So, what’s going to happen? The two mass shootings have outraged the Powers That Be in the City of Brotherly Love, and even the George Soros-sponsored, police-hating, and softer-than-a-kitten-on-crime District Attorney, Larry Krasner, vowed that the perpetrators would be harshly prosecuted, though I believe that when I actually see it. The two identified suspects are just 18 years old, and no one has exposed any adult criminal records on them, but no one would be surprised if there are sealed juvenile records. It would be very interesting if we learn that one or more of the offenders could have been in juvie last week, but were given lenient treatment by the District Attorney’s Office.

If Messrs Tucker and Buggs were two of the shooters, then let’s tell the truth: they’re both idiots, just plain stupid, dumb as a box of rocks. We don’t yet know the motives for the shootings, but whatever Mr Tucker was taken into custody just two days after the shooting, and Mr Buggs the day after that. Both men are looking at possibly decades in prison, and for what? Just plain stupidity.

This is what happens when you are soft on crime!

Italian soldiers on guard near the Arch of Constantine, Roma, June 19, 2016. Photo by D R Pico; may be freely used, with attribution.

In response to the huge surge in crime, and the extremely lax prosecution of it by Philadelphia District Attorney Larry Krasner, the Pennsylvania General Assembly passed, and Governor Josh Shapiro, a Democrat, signed into law, Act 40, which created a special prosecutor to investigate and prosecute crimes “occurring within a public transportation authority that serves as the primary provider of public passenger transportation in the county of the first class.” Philadelphia is the only First-Class City/County in the Keystone State.

This was a clear and obvious attempt to bypass Let ’em Loose Larry, whose lenient prosecution has led to outrage, and we continually hear of violent crimes committed in the city by people who could and should have already been in prison, were it not for the George Soros-sponsored, police-hating and softer-than-Charmin-on-crime Mr Krasner.

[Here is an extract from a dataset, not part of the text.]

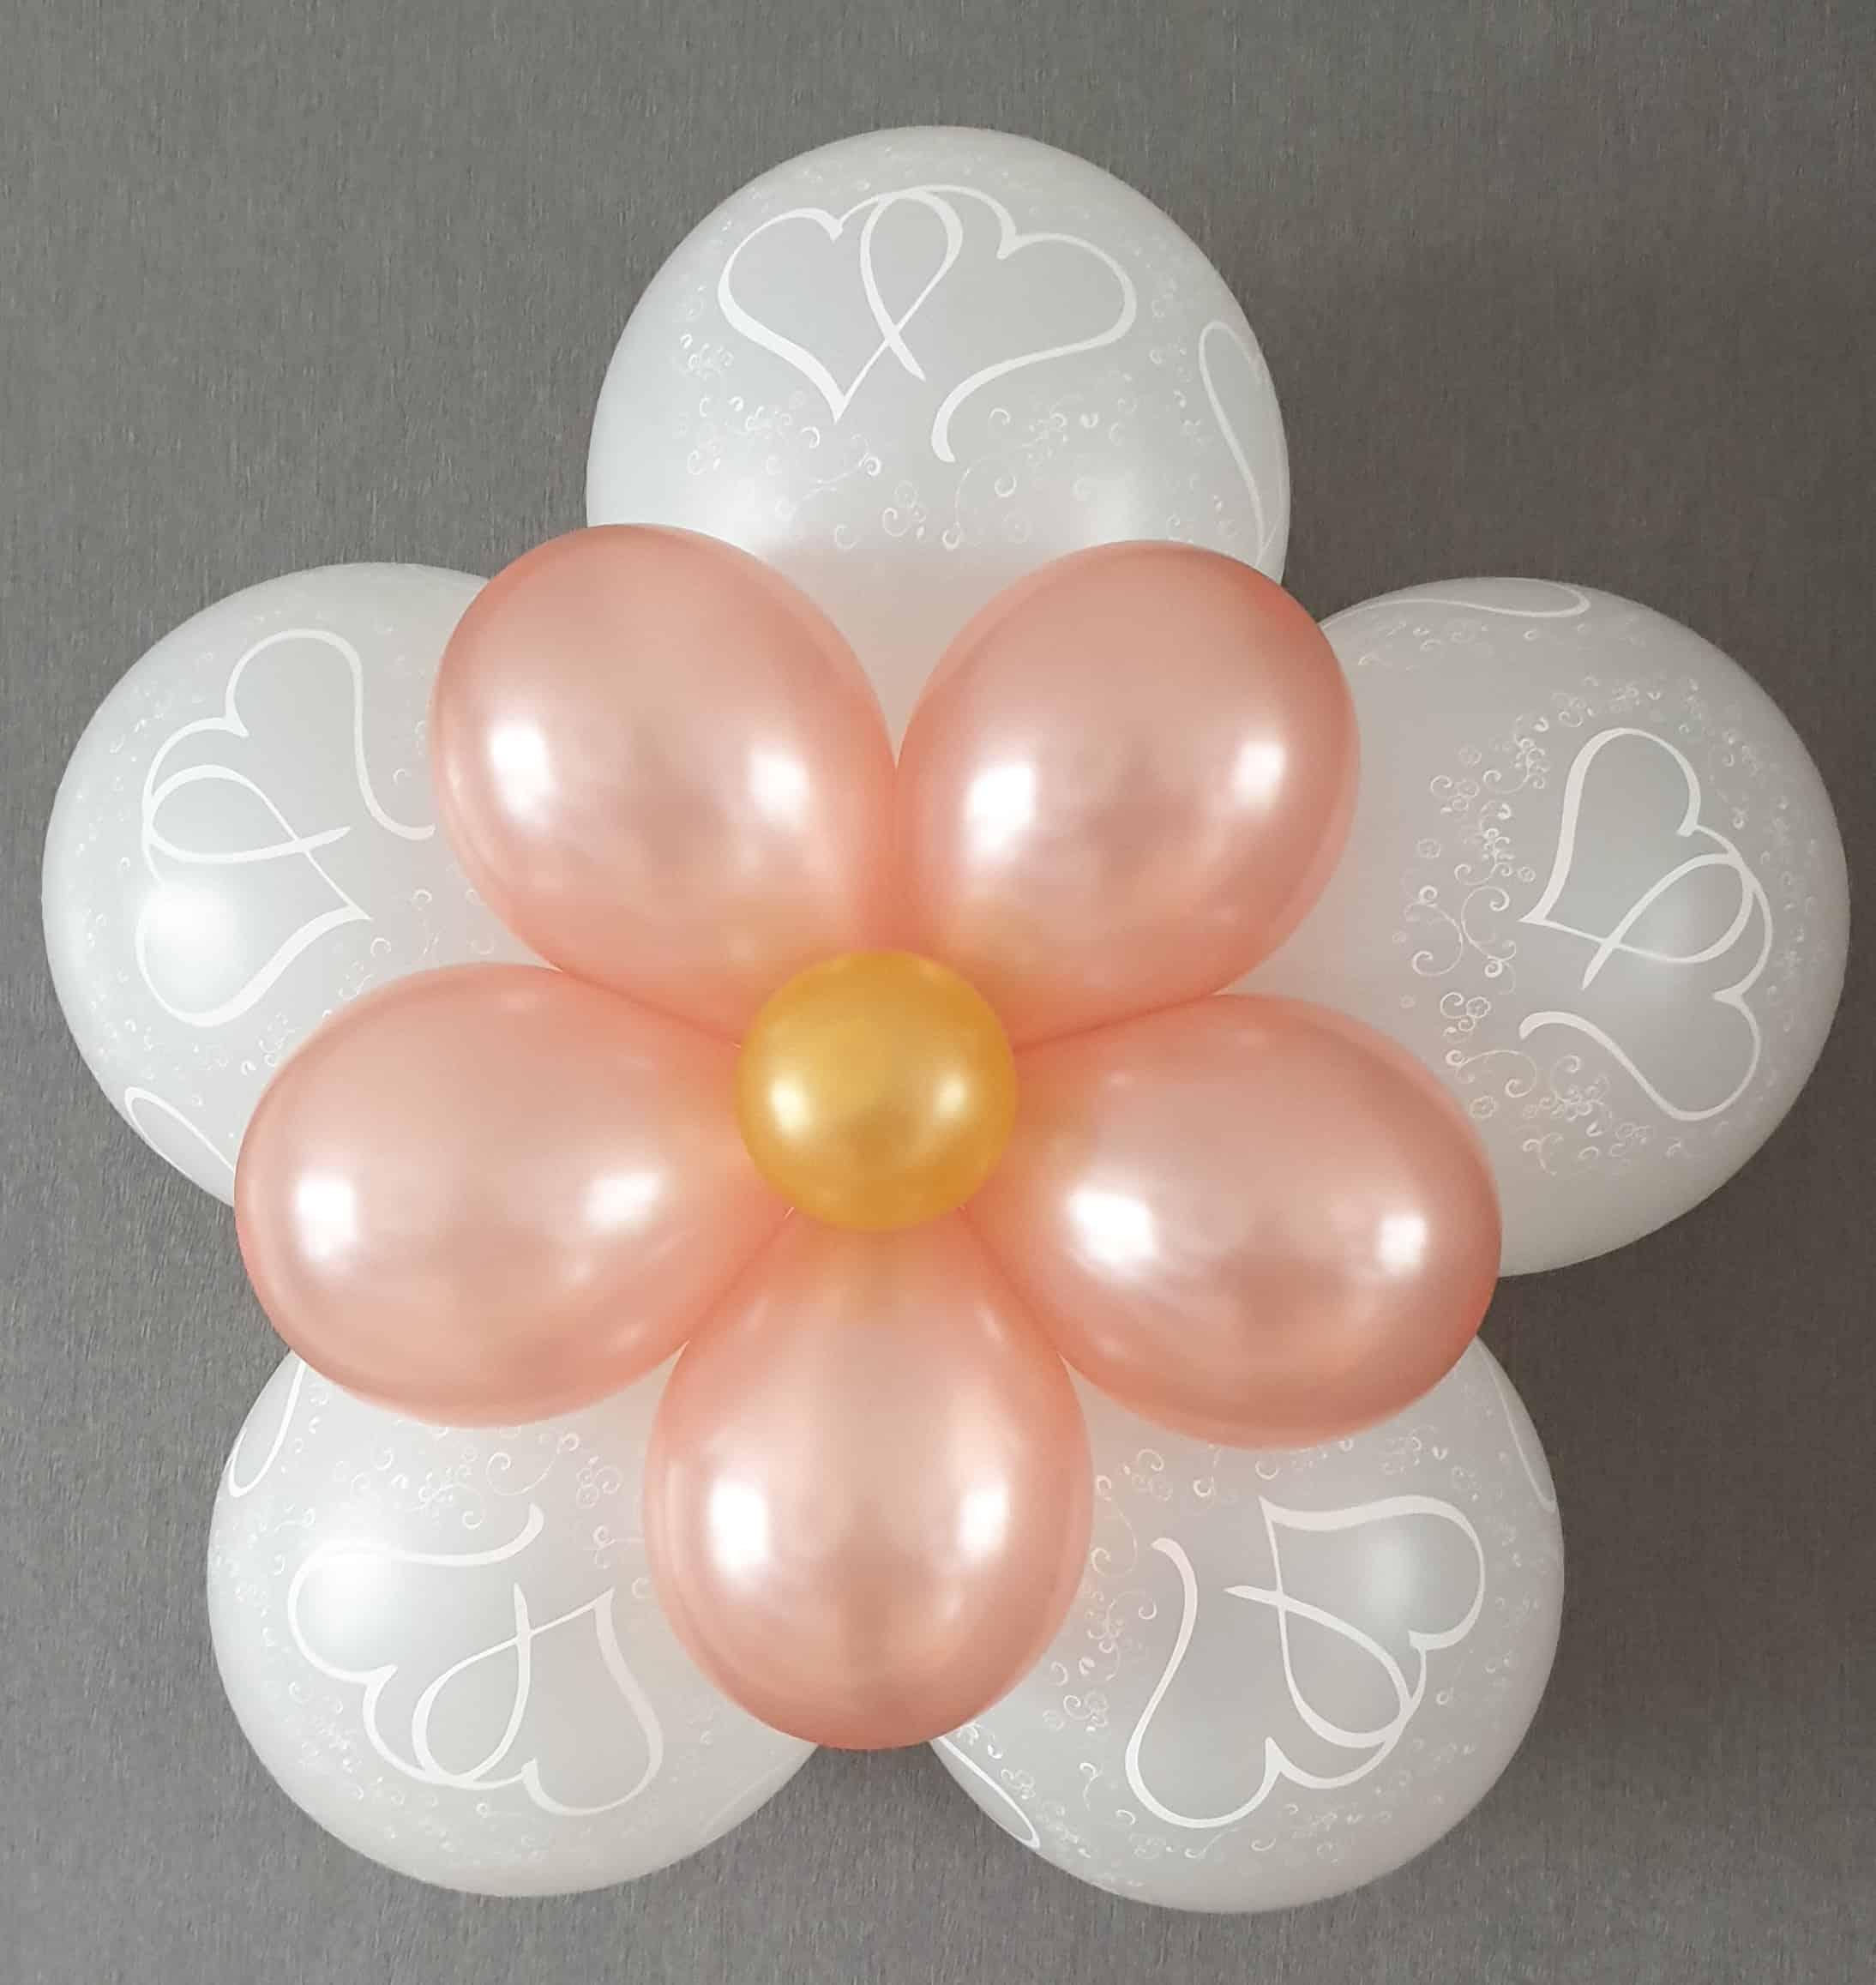 boondesigns ballondecoratie ballonbloem de luxe

Act 40 required, in §1786(a), the state Attorney General to appoint said special prosecutor, “Within 30 days of the effective date of this section,” but that appointment has not yet been made, with the 30 day period long having elapsed. And SEPTA, “the primary provider of public passenger transportation” in foul, fetid, fuming, foggy, filthy Philadelphia, has seen an unfortunate surge in violent crime in recent weeks, including two mass shootings as public school students were at SEPTA bus stops for their rides home.

Governor Kathy Hochul (D-NY) was seeing a similar issue in the New York City subway system, and she took the radical action of deploying 750 National Guard troops to the subways to deter crime. From The Wall Street Journal:

Armed Troops on the New York City Subways

Gov. Hochul would do better by firing New York’s progressive DAs and restoring the successful anticrime policies of the 1990s and 2000s.

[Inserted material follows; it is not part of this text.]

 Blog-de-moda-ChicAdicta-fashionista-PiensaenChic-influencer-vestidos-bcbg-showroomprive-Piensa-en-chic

by The Editorial Board | Saturday, March 9, 2024 | 5:50 PM EST

Here’s a poser to consider for 2025: What if Donald Trump is elected again and decides to send the military to prevent crime or control riots in America’s streets? Wouldn’t half of America lose its collective mind about the supposed threat to democracy?

That’s a rhetorical question, of course, because President Trump did offer to send federal marshals to help cities provide order during the 2020 summer of hate following the unfortunate death-while-resisting-arrest of the methamphetamine-and-fentanyl-addled career criminal George Floyd, and the Democratic mayors of our major cities didn’t want anything to do with that.

Yet that’s essentially what New York Gov. Kathy Hochul did this week in dispatching the state National Guard to patrol New York City’s subways to reduce crime. The Democratic Governor is sending 750 troops and 250 state police officers to guard subway trains and platforms amid a spike in violence and robbery against passengers.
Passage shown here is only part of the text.